Massif doesn't get great stack traces due to inlining, but DHAT does a better job by using debuginfo. Here's the important info:
-------------------- 2 of 500 --------------------
max-live: 12,884,901,888 in 1 blocks
tot-alloc: 12,884,901,888 in 1 blocks (avg size 12884901888.00)
deaths: 1, at avg age 219,437,305,943 (40.34% of prog lifetime)
acc-ratios: 0.60 rd, 0.60 wr (7,768,302,580 b-read, 7,768,302,580 b-written)
at 0x4C2DECF: malloc (in /usr/lib/valgrind/vgpreload_exp-dhat-amd64-linux.so)
by 0x7A673EC: alloc (alloc.rs:62)
by 0x7A673EC: alloc (alloc.rs:123)
by 0x7A673EC: reserve_internal<(&rustc::ty::sty::RegionKind, rustc::mir::Location),alloc::alloc::Global> (raw_vec.rs:679)

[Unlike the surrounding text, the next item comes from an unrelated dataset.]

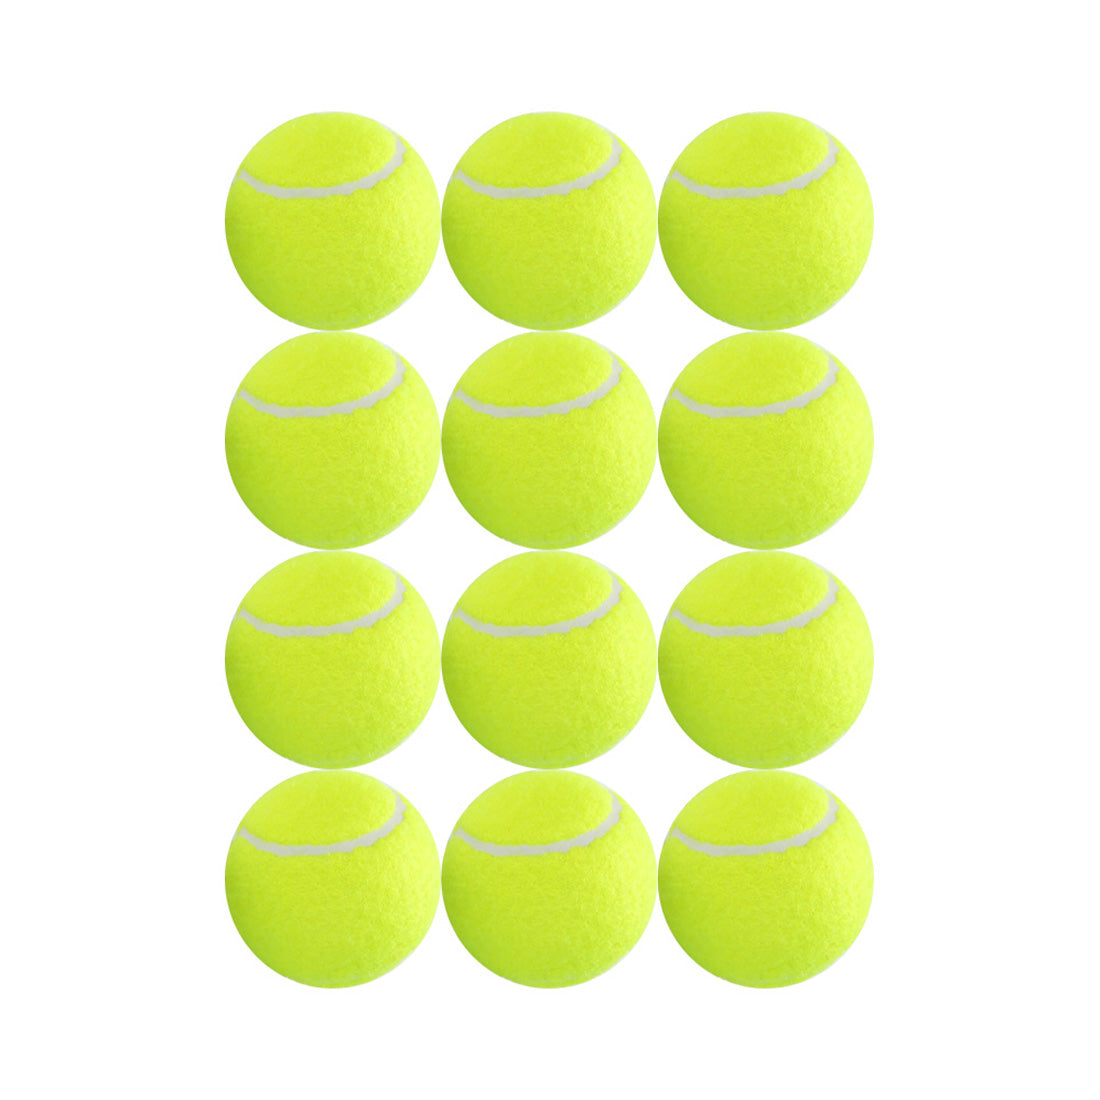 12-Pack Standard Pressure Training Tennis Balls, Highly Elasticity, More Durable, Good for Beginner Training Ball

by 0x7A673EC: reserve<(&rustc::ty::sty::RegionKind, rustc::mir::Location),alloc::alloc::Global> (raw_vec.rs:502)
by 0x7A673EC: reserve<(&rustc::ty::sty::RegionKind, rustc::mir::Location)> (vec.rs:464)
by 0x7A673EC: push<(&rustc::ty::sty::RegionKind, rustc::mir::Location)> (vec.rs:1060)
by 0x7A673EC: {{closure}}<&rustc::ty::TyS> (liveness.rs:171)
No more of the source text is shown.